Checking The Connection

pi@raspberrypi:~ $ ifconfig ppp0 ppp0: flags=4305<UP,POINTOPOINT,RUNNING,NOARP,MULTICAST> mtu 1500 inet 100.64.140.89 netmask 255.255.255.255 destination 10.64.64.64 ppp txqueuelen 3 (Point-to-Point Protocol) RX packets 18 bytes 1392 (1.3 KiB) RX errors 0 dropped 0 overruns 0 frame 0 TX packets 20 bytes 1395 (1.3 KiB) TX errors 0 dropped 0 overruns 0 carrier 0 collisions 0

Check if your connection is working by sending a ping to any address.
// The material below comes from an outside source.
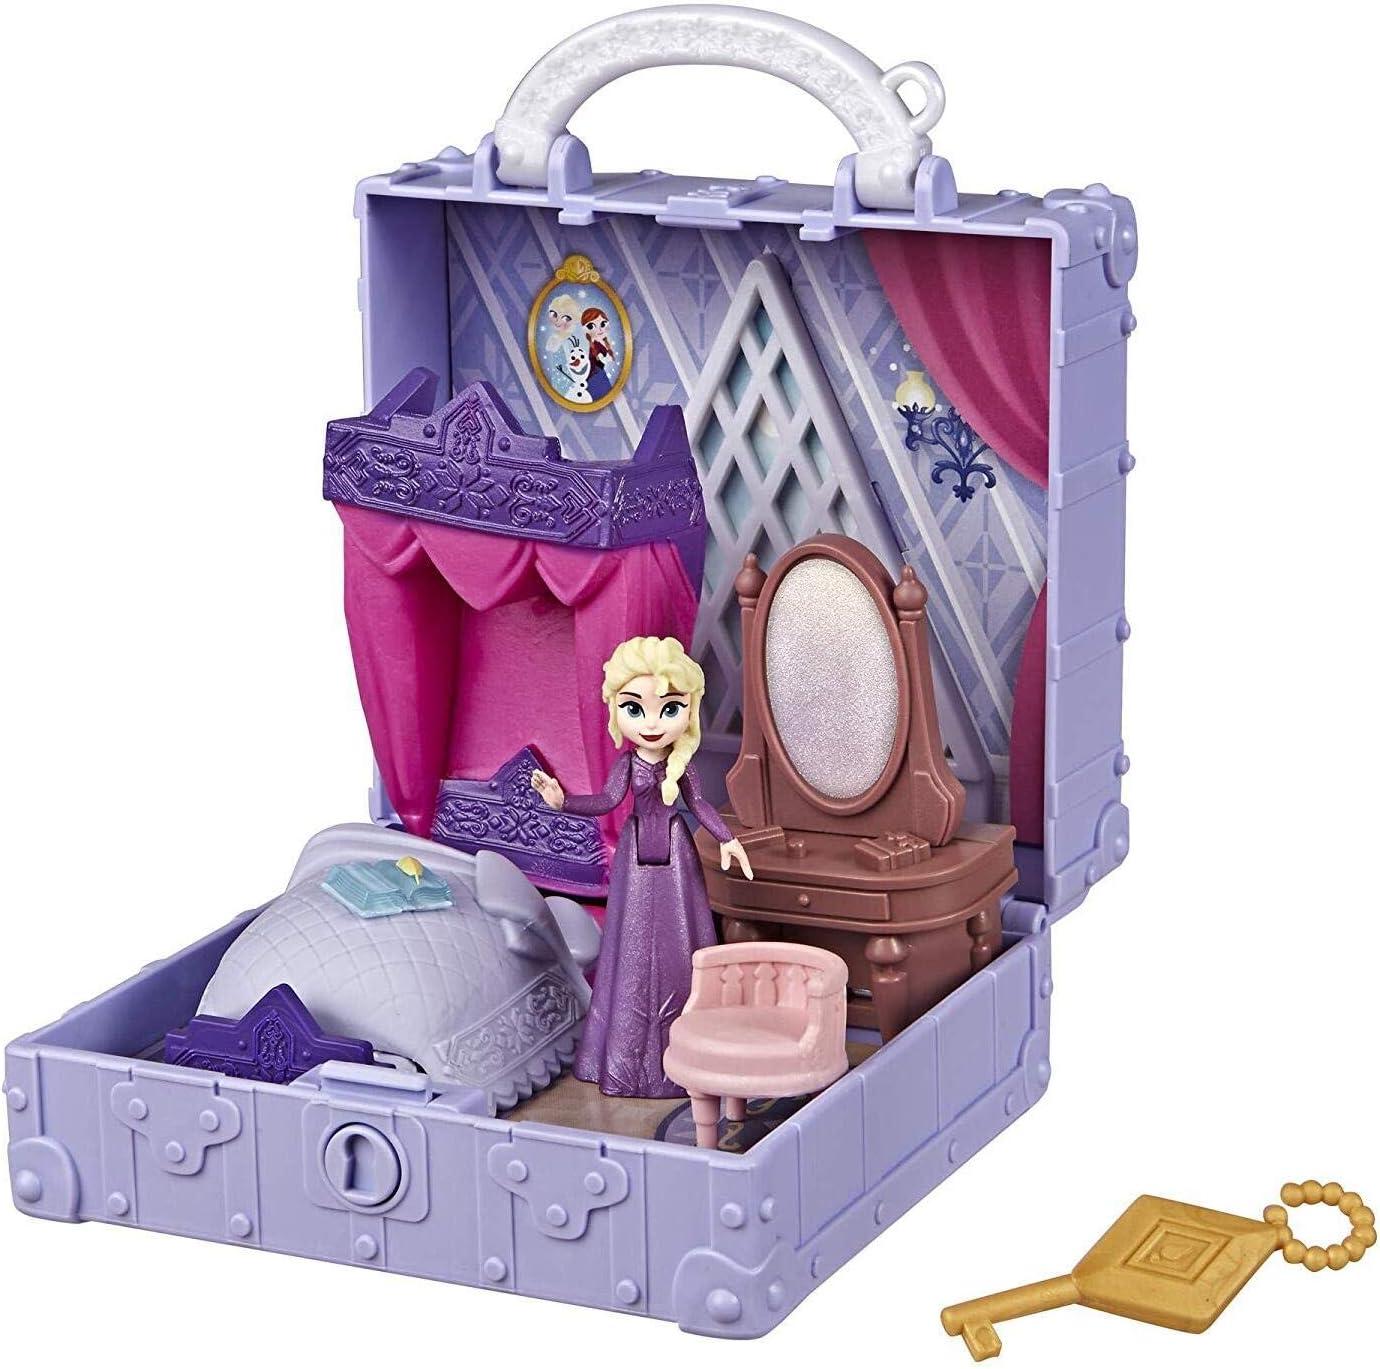 Disney Frozen Pop Adventures Elsa's Bedroom Pop-Up Playset with Brown/a

pi@raspberrypi:~ $ ping -I ppp0 -c 5 sixfab.com PING sixfab.com (104.26.9.221) from 100.64.29.57 ppp0: 56(84) bytes of data. 64 bytes from 104.26.9.221 (104.26.9.221): icmp_seq=1 ttl=53 time=316 ms 64 bytes from 104.26.9.221 (104.26.9.221): icmp_seq=2 ttl=53 time=318 ms 64 bytes from 104.26.9.221 (104.26.9.221): icmp_seq=3 ttl=53 time=314 ms 64 bytes from 104.26.9.221 (104.26.9.221): icmp_seq=4 ttl=53 time=333 ms 64 bytes from 104.26.9.221 (104.26.9.221): icmp_seq=5 ttl=53 time=334 ms --- sixfab.com ping statistics --- 5 packets transmitted, 5 received, 0% packet loss, time 7ms rtt min/avg/max/mdev = 314.010/323.157/333.655/8.553 ms

APN or device port

You can change APN and PORT from /etc/ppp/peers/provider.

To understand PPP further you can check PPP documentation.